Work instruction:
Quote the lines of the data below verbatim, beginning at the line that contains "AUTOMATED PHOTOGRAPHY" and ending at the last line, both included, and excluding pictures.

Extracted data entries
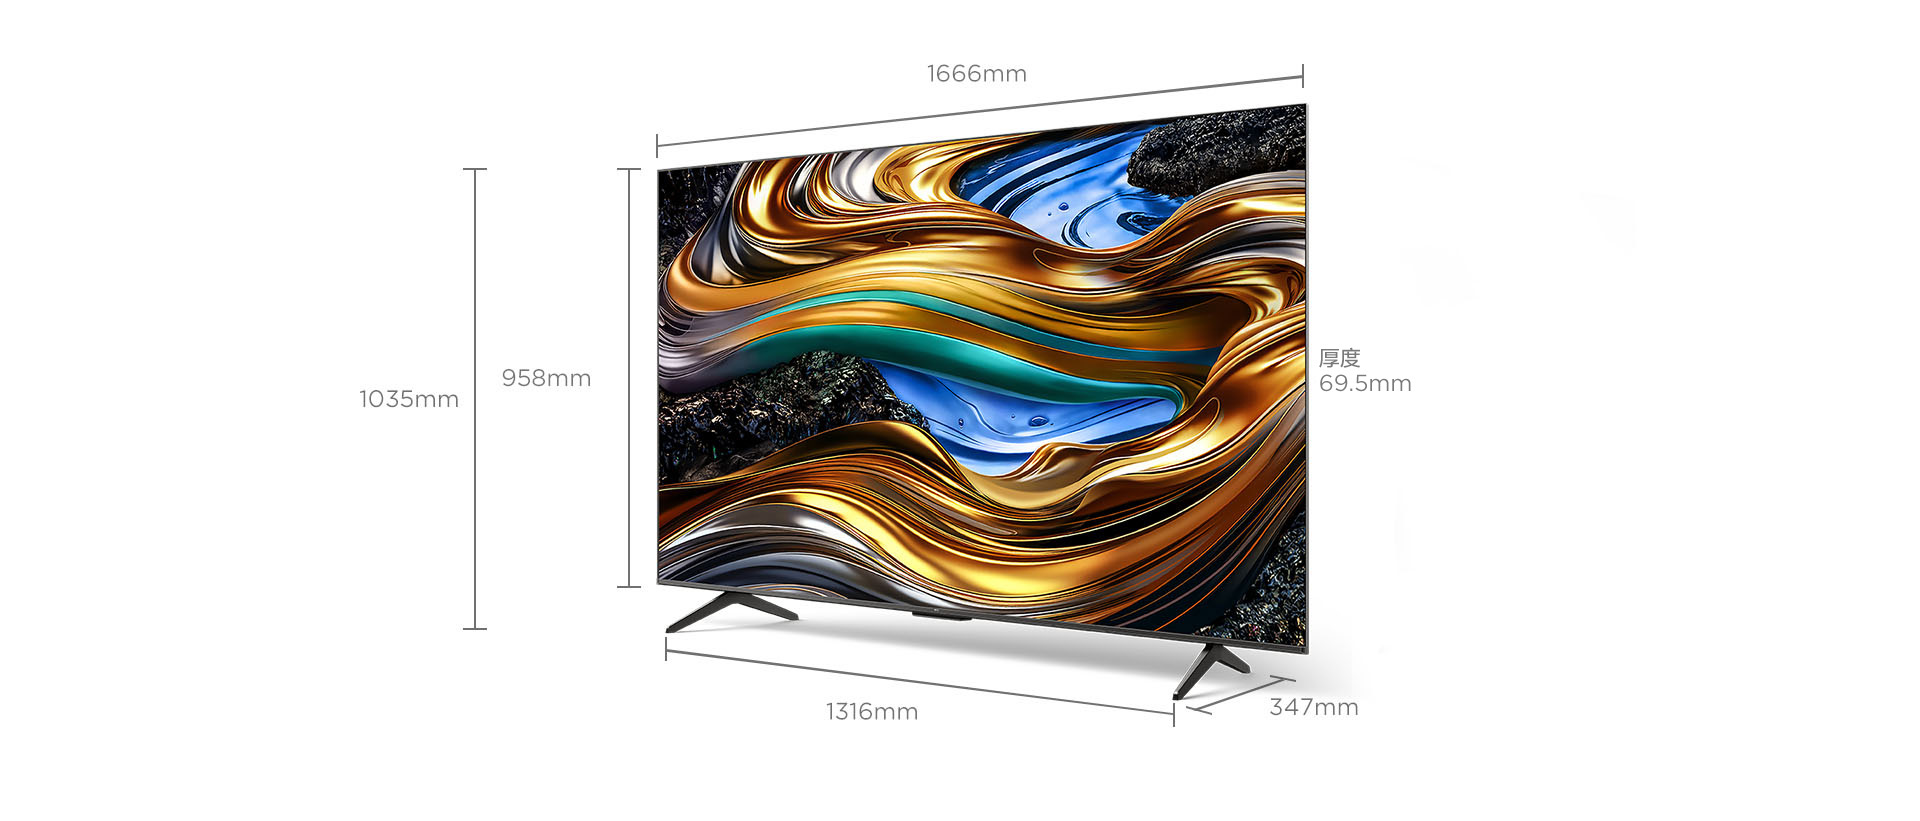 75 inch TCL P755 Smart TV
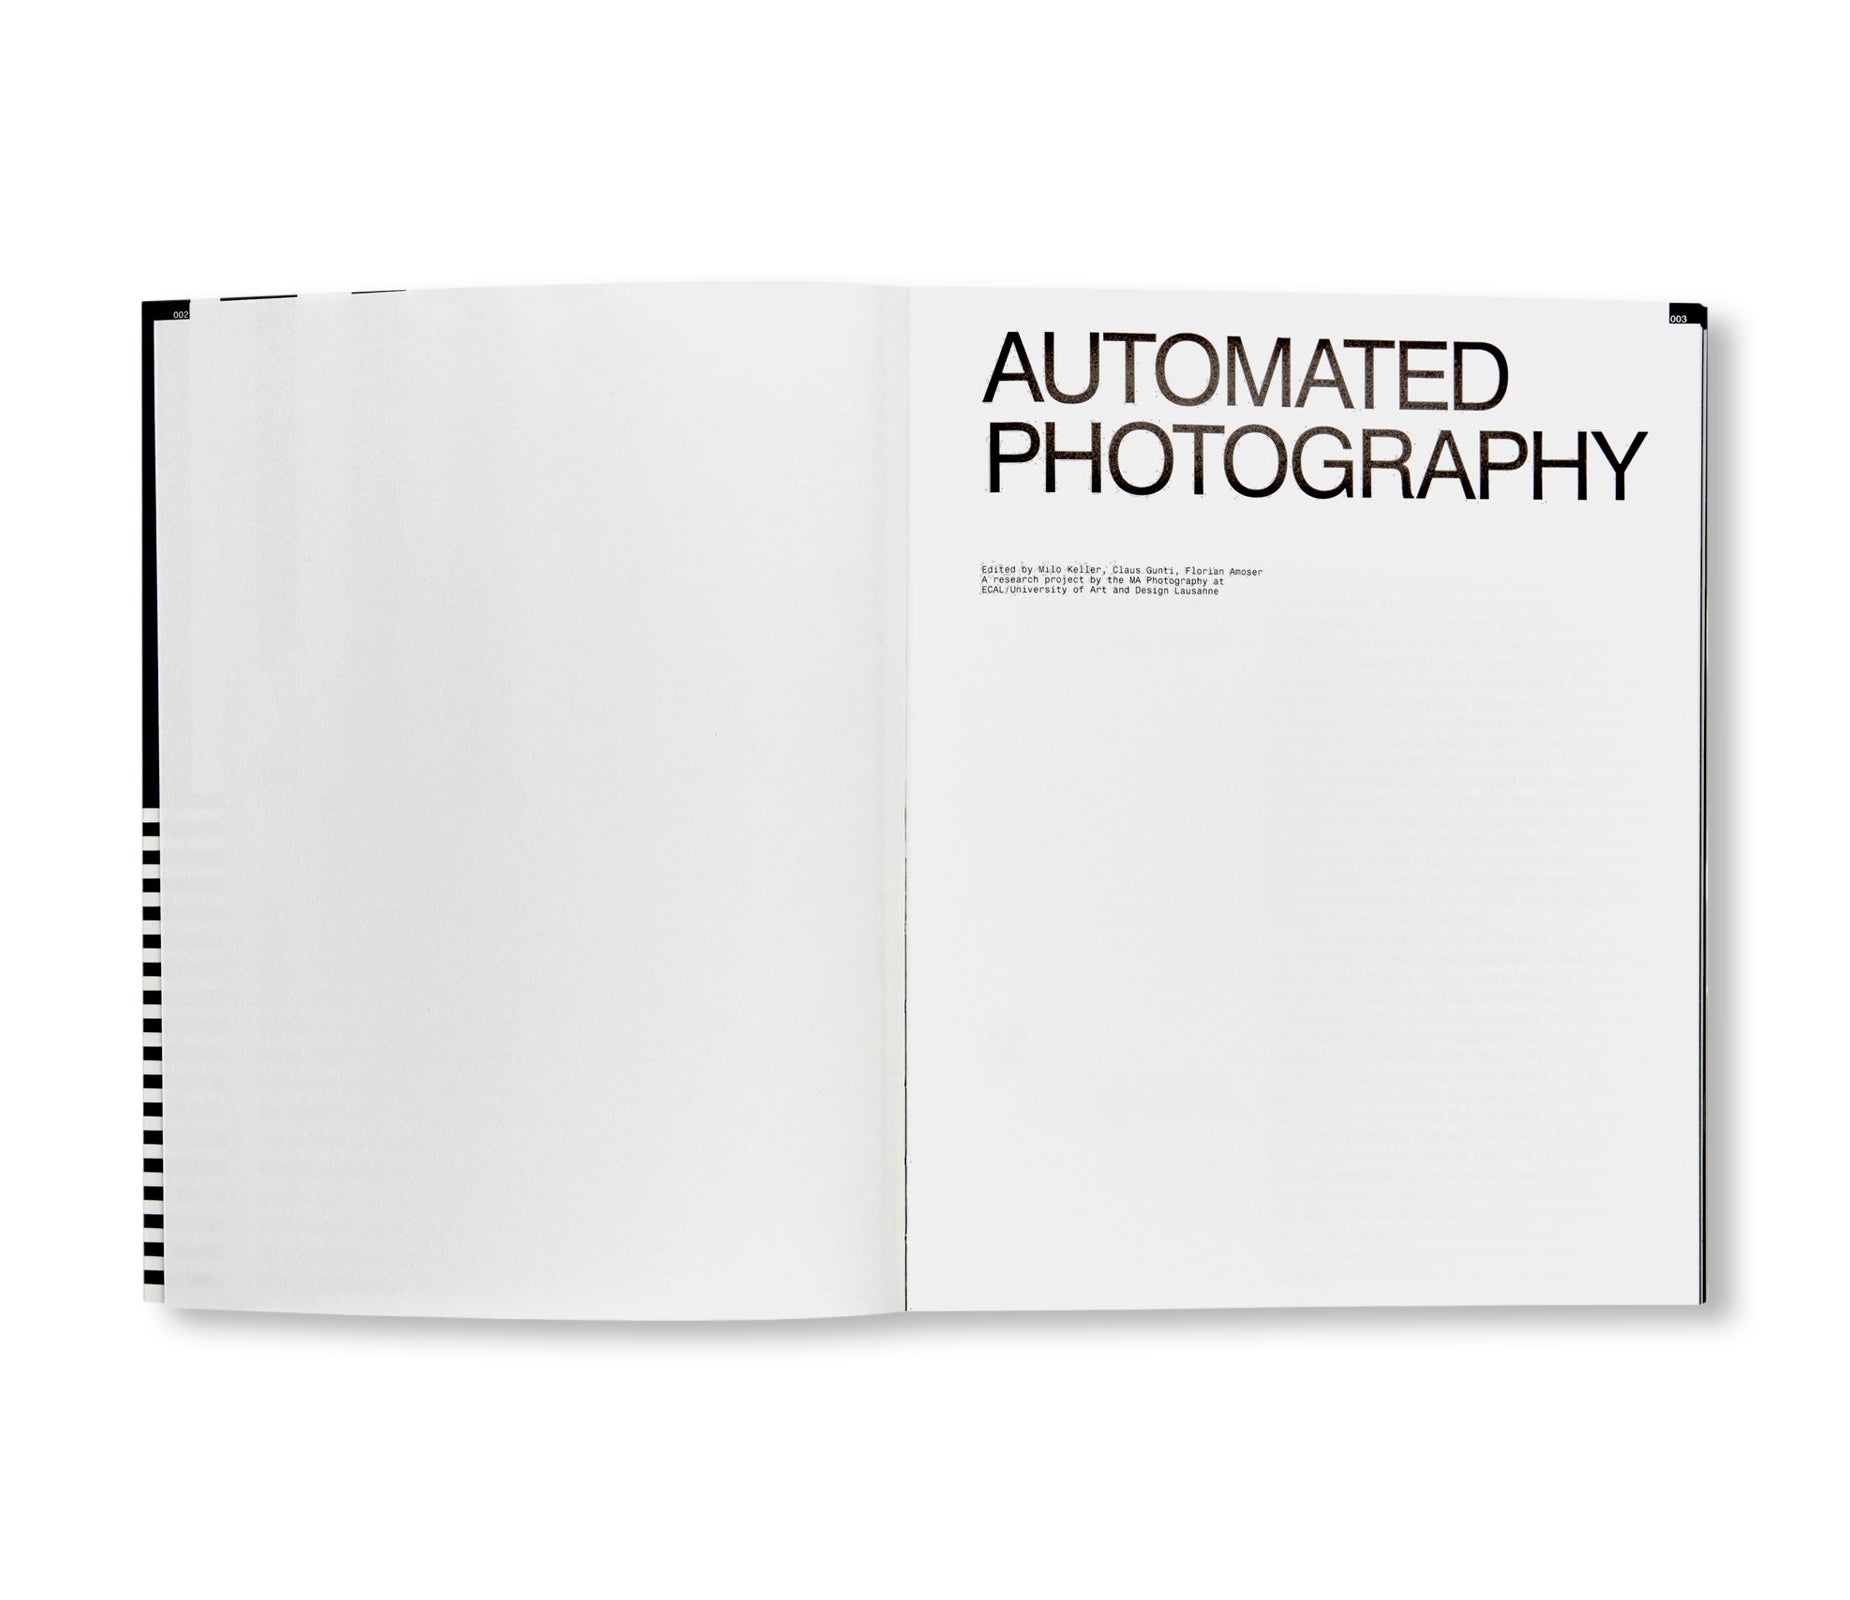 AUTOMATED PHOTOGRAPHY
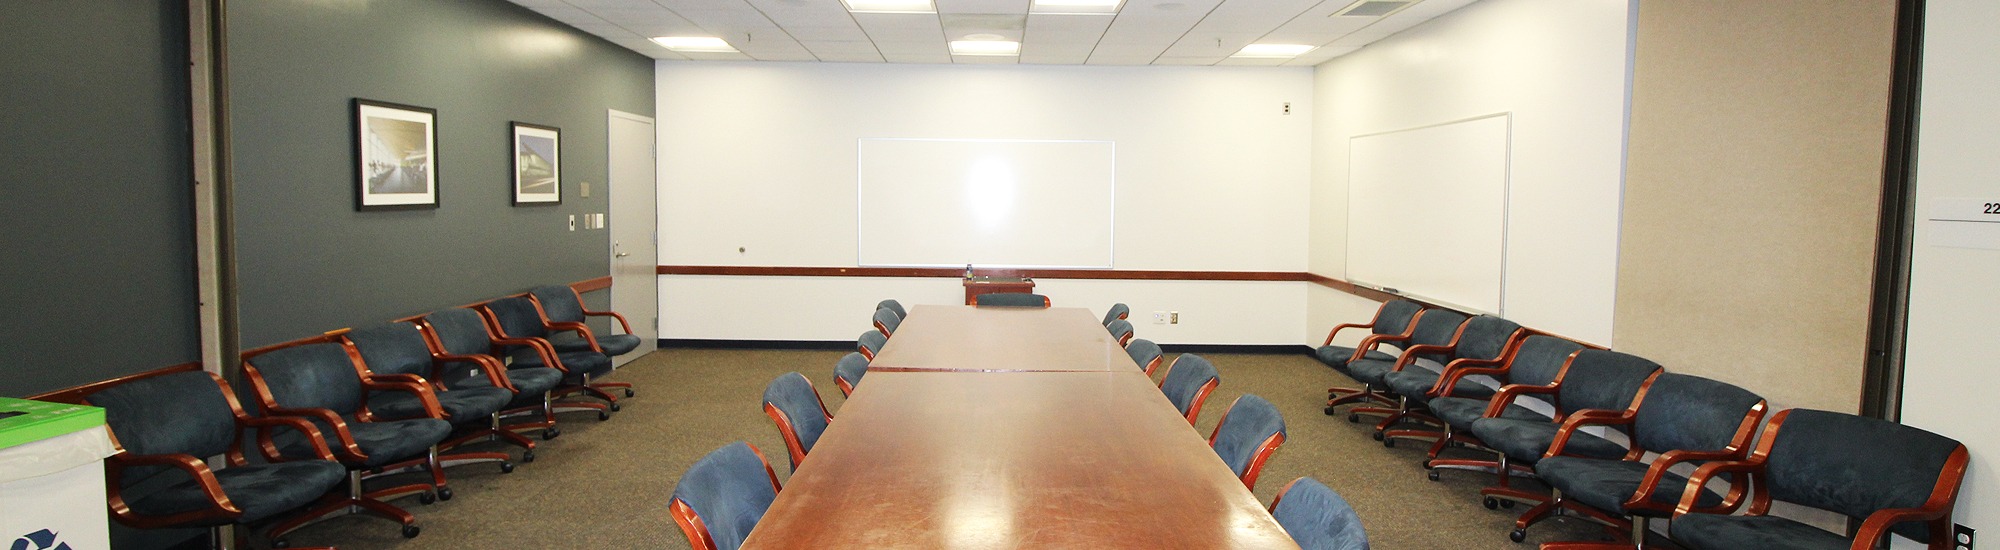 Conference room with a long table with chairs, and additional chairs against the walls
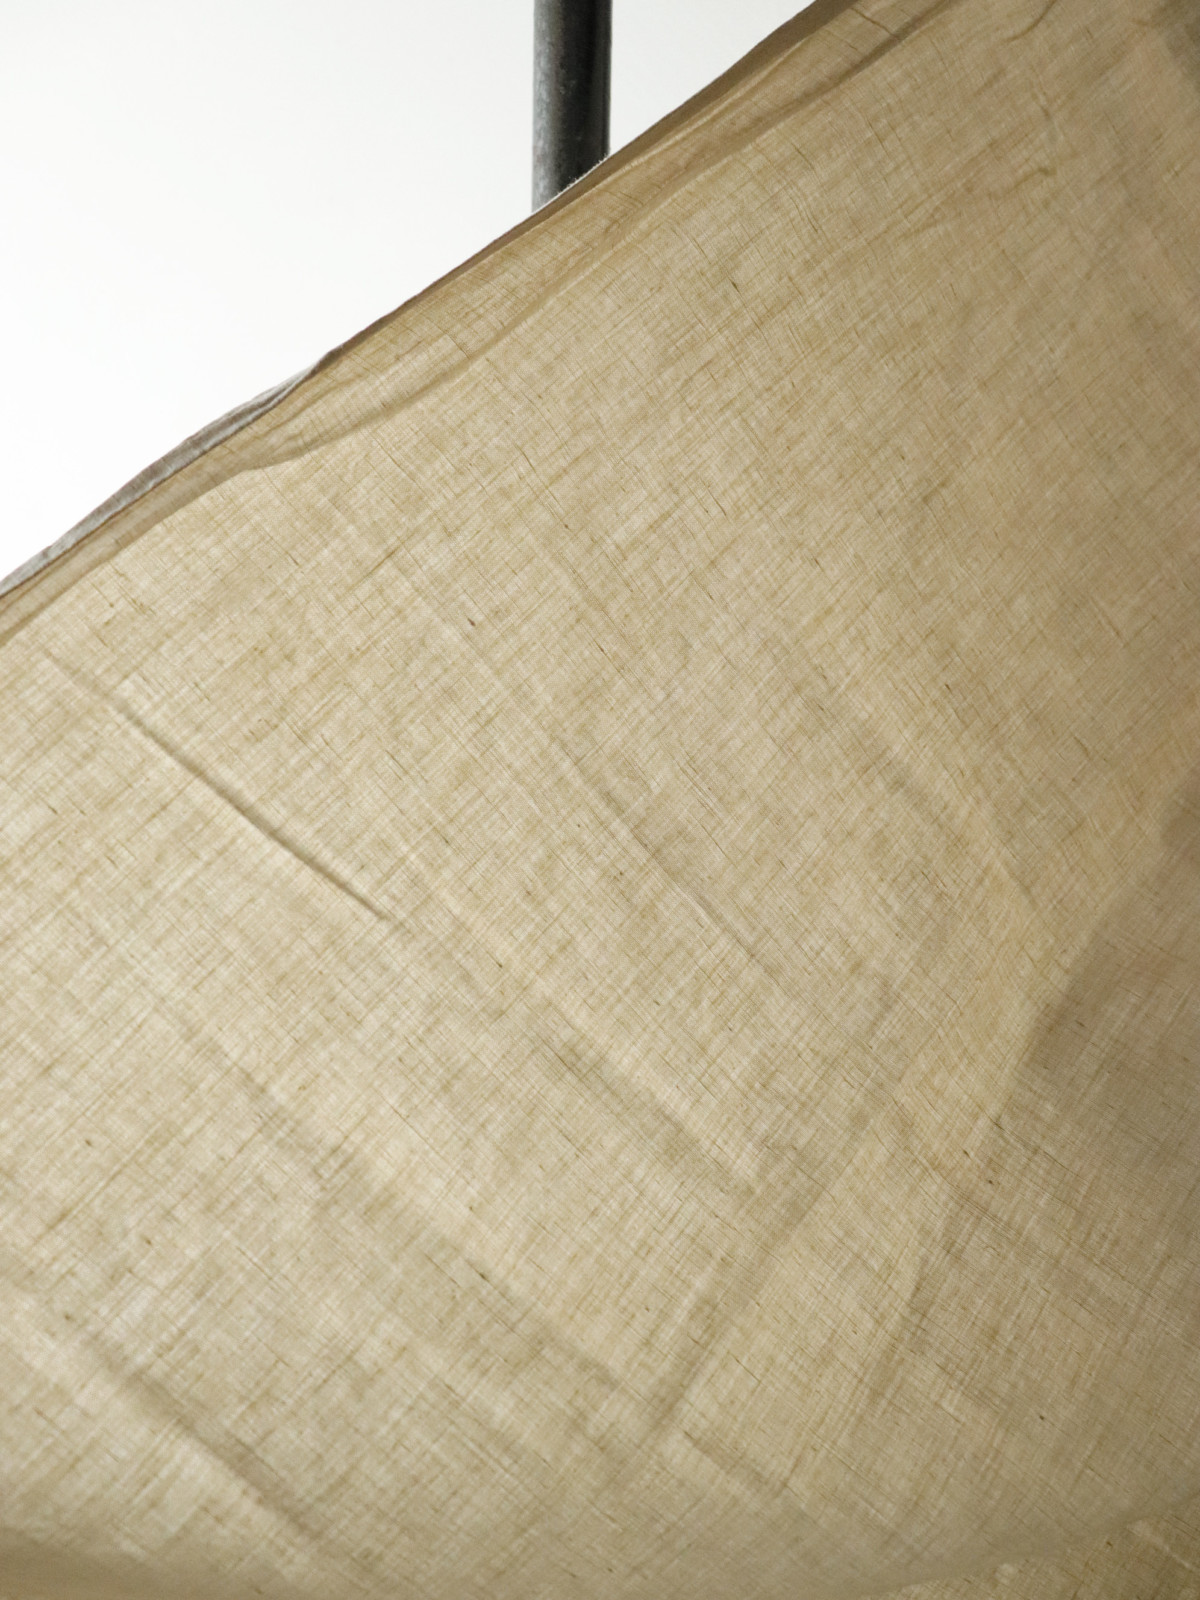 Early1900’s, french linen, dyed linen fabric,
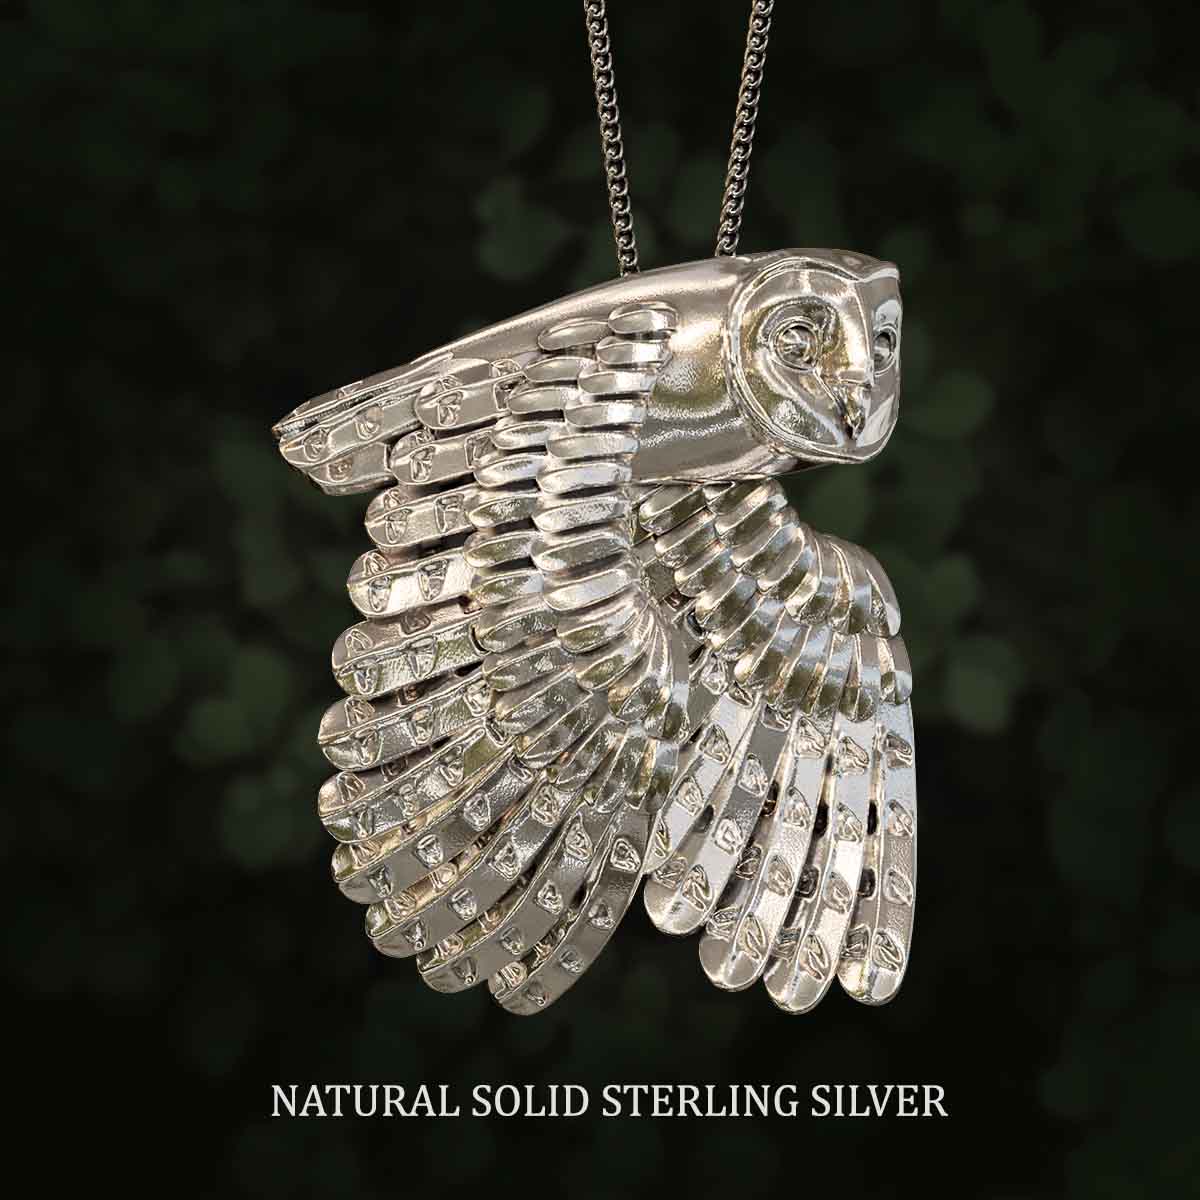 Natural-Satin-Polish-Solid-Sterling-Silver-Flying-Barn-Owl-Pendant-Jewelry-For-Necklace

Response to the exercise:
 AUTOMATED PHOTOGRAPHY
 Conference room with a long table with chairs, and additional chairs against the walls
 Early1900’s, french linen, dyed linen fabric,
 Natural-Satin-Polish-Solid-Sterling-Silver-Flying-Barn-Owl-Pendant-Jewelry-For-Necklace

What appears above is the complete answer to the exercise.